◆ Exercise
Write out, without any change, the lines in the material below that run from the line with "外部ミシン明確にThe 10 Step" through the line with "Floral Patterned Slit Blue Color Dress", both included.

____ Provided information

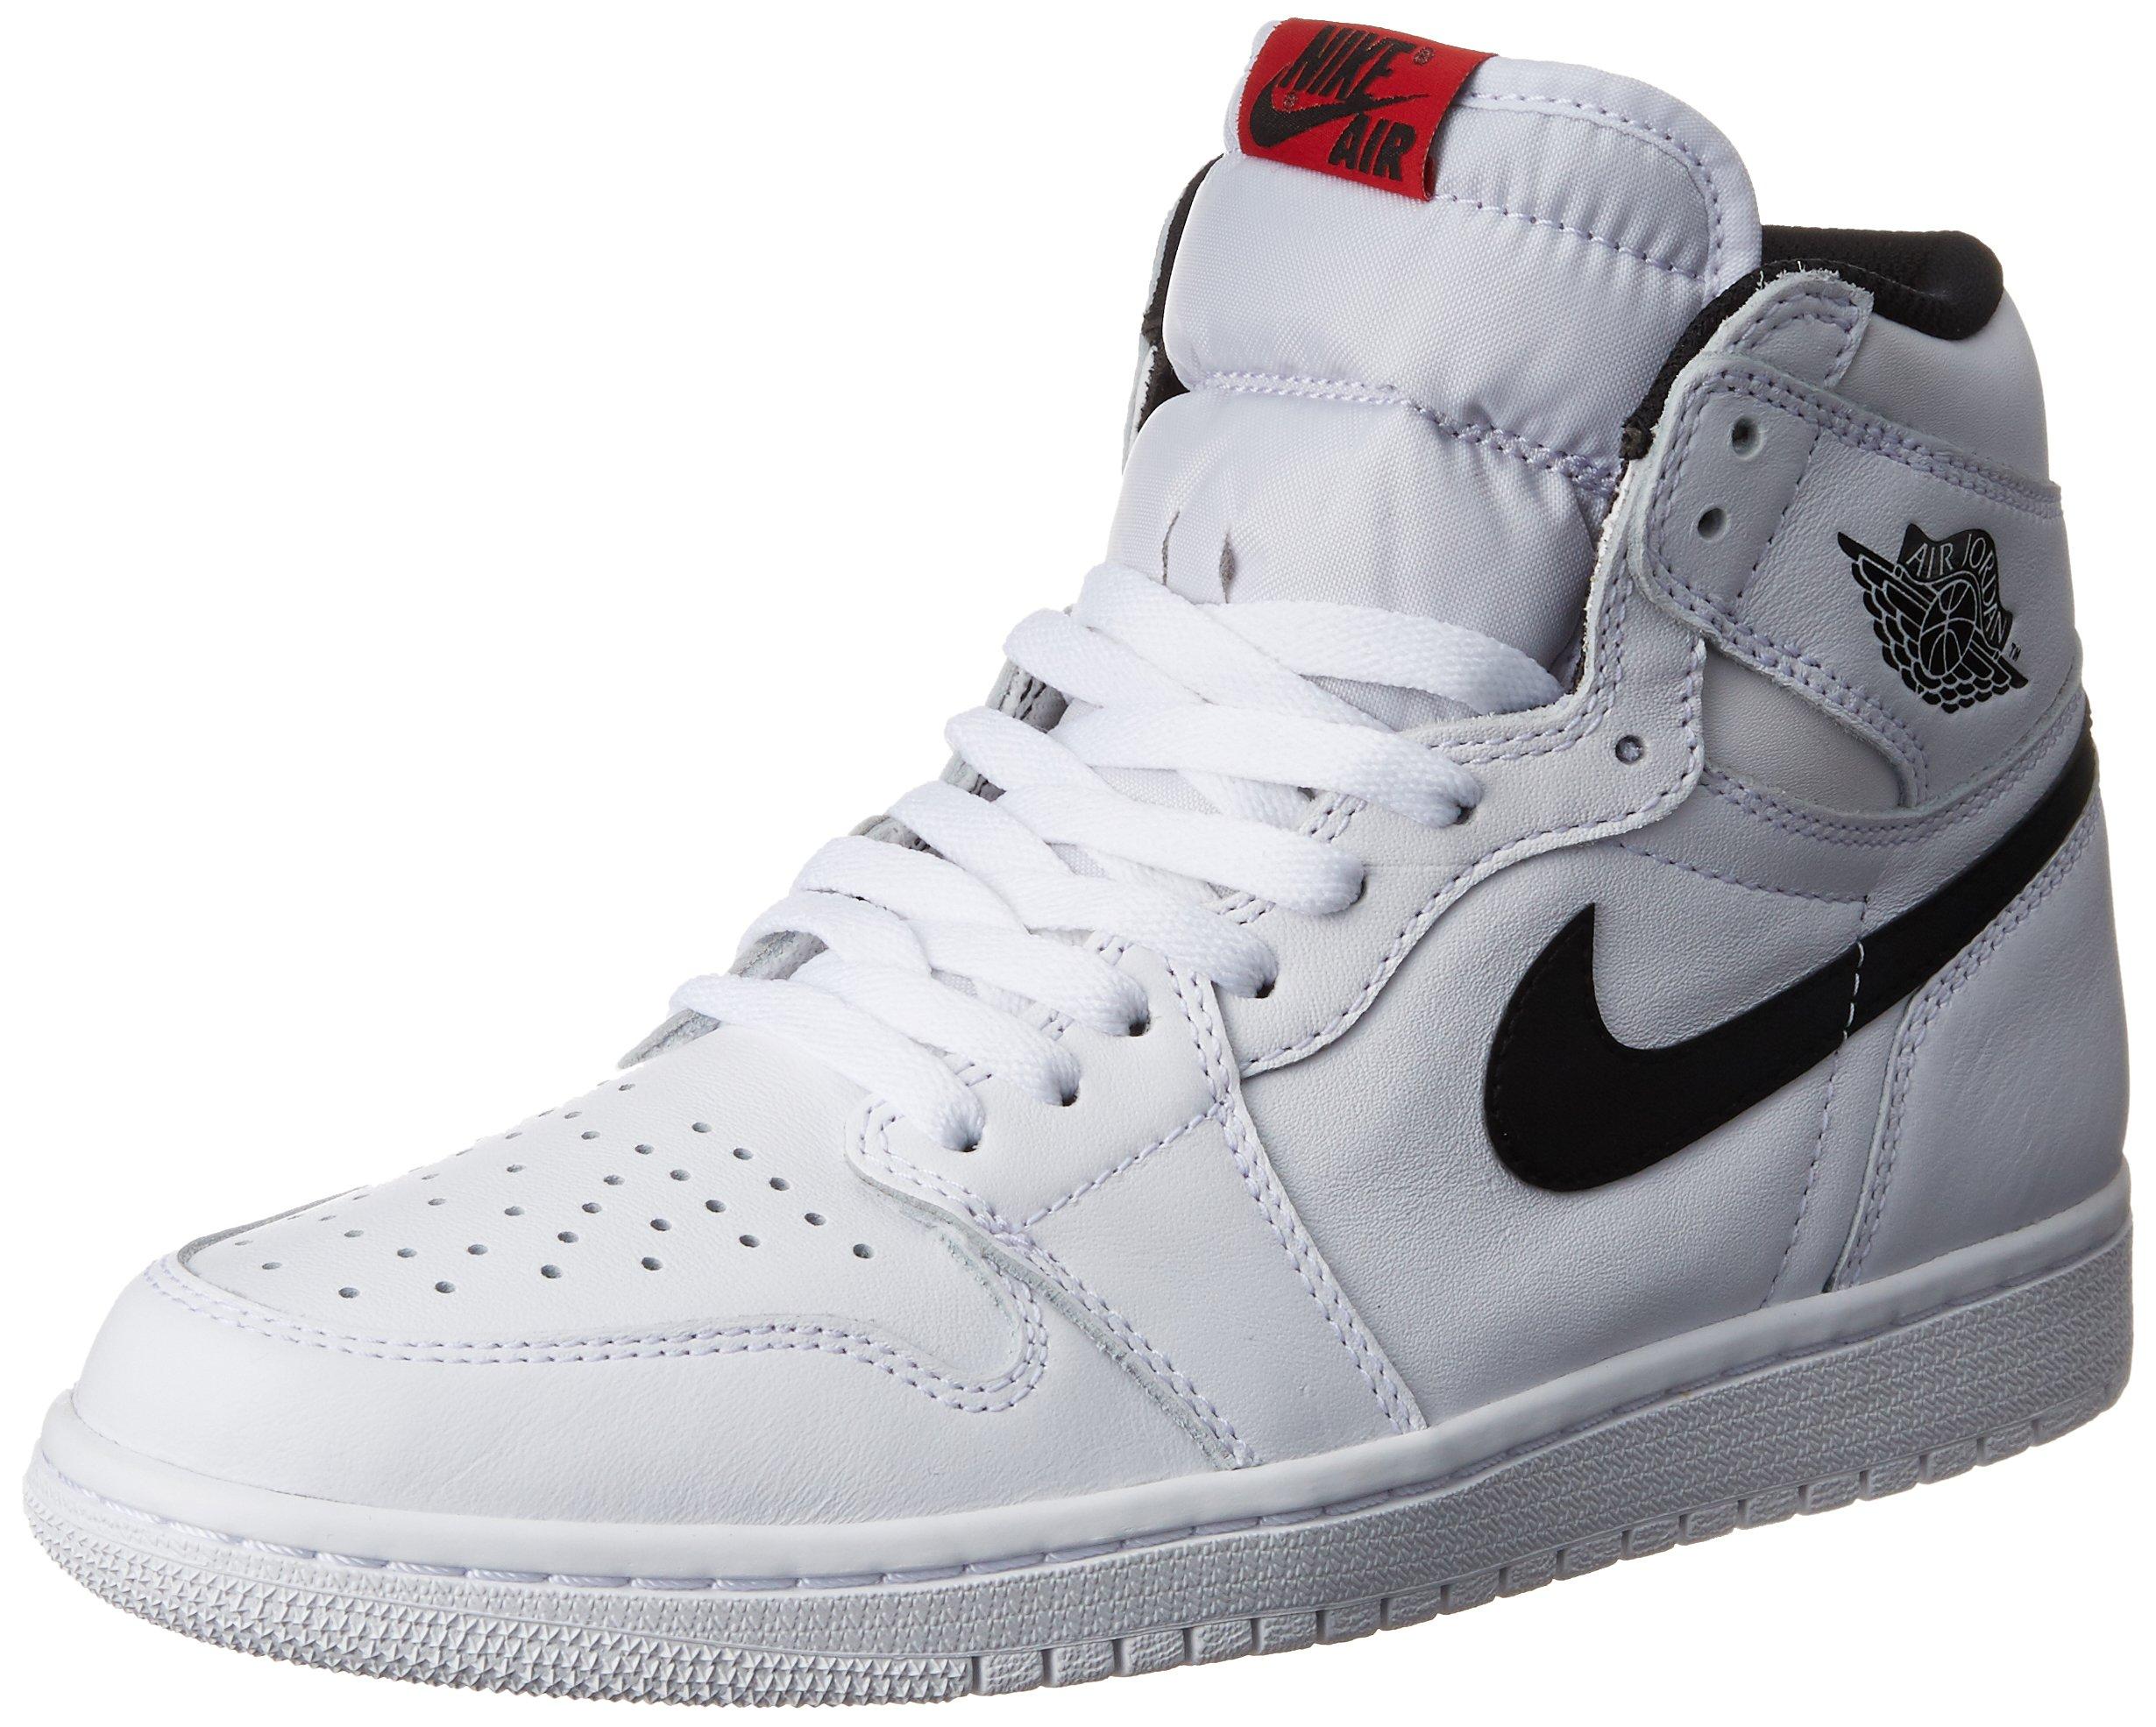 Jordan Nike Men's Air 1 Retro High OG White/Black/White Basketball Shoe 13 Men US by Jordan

________
____ Provided information

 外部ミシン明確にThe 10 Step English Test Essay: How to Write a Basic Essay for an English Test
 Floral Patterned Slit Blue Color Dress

________
____ Provided information

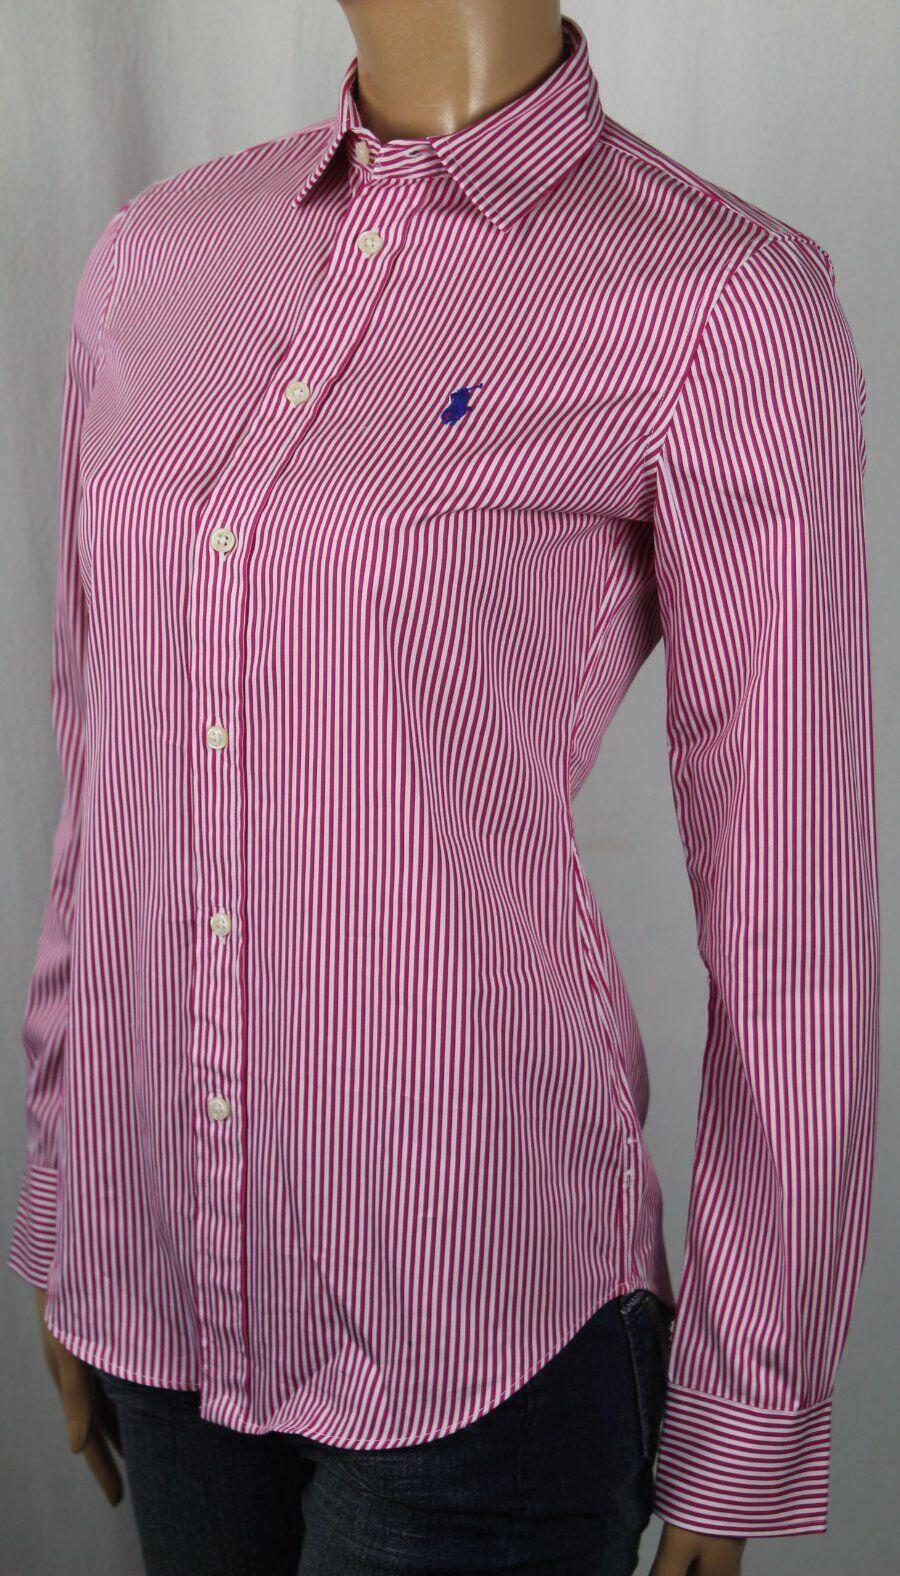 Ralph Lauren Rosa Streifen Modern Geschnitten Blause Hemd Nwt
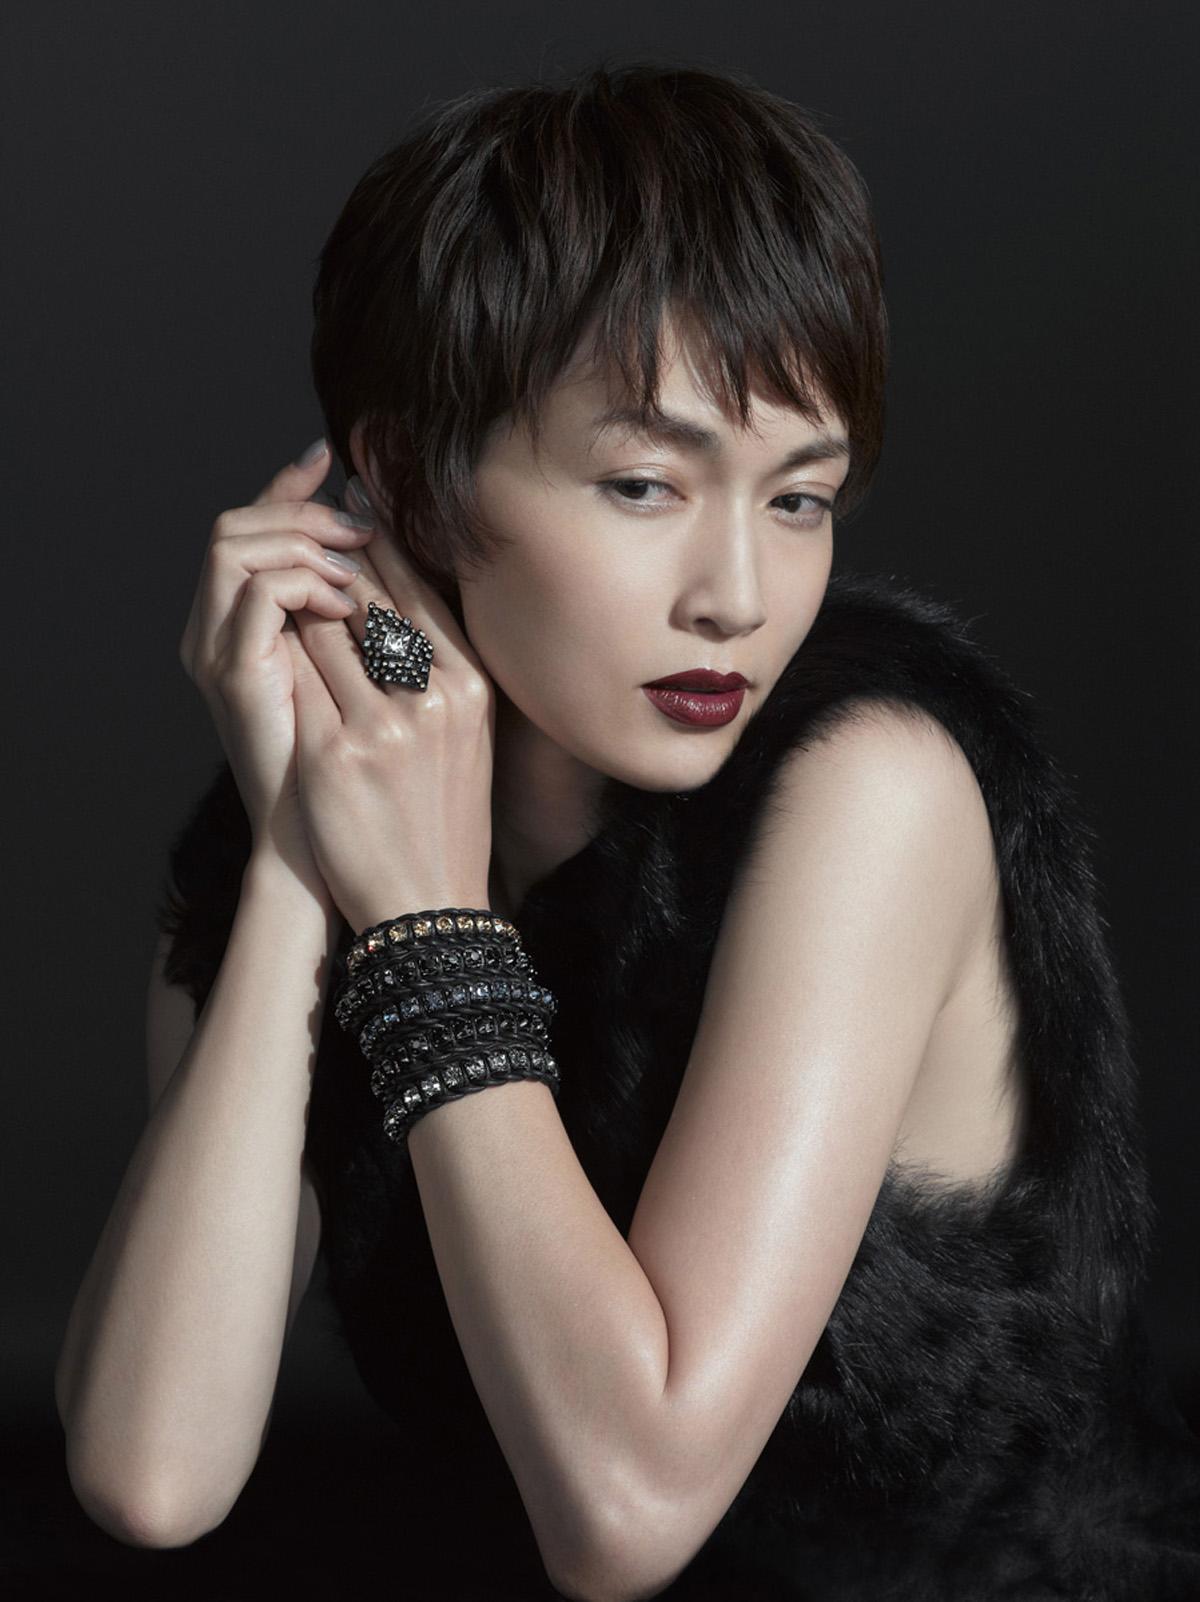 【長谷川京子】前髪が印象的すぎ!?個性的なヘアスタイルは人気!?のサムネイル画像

________

◆ Finished task
 外部ミシン明確にThe 10 Step English Test Essay: How to Write a Basic Essay for an English Test
 Floral Patterned Slit Blue Color Dress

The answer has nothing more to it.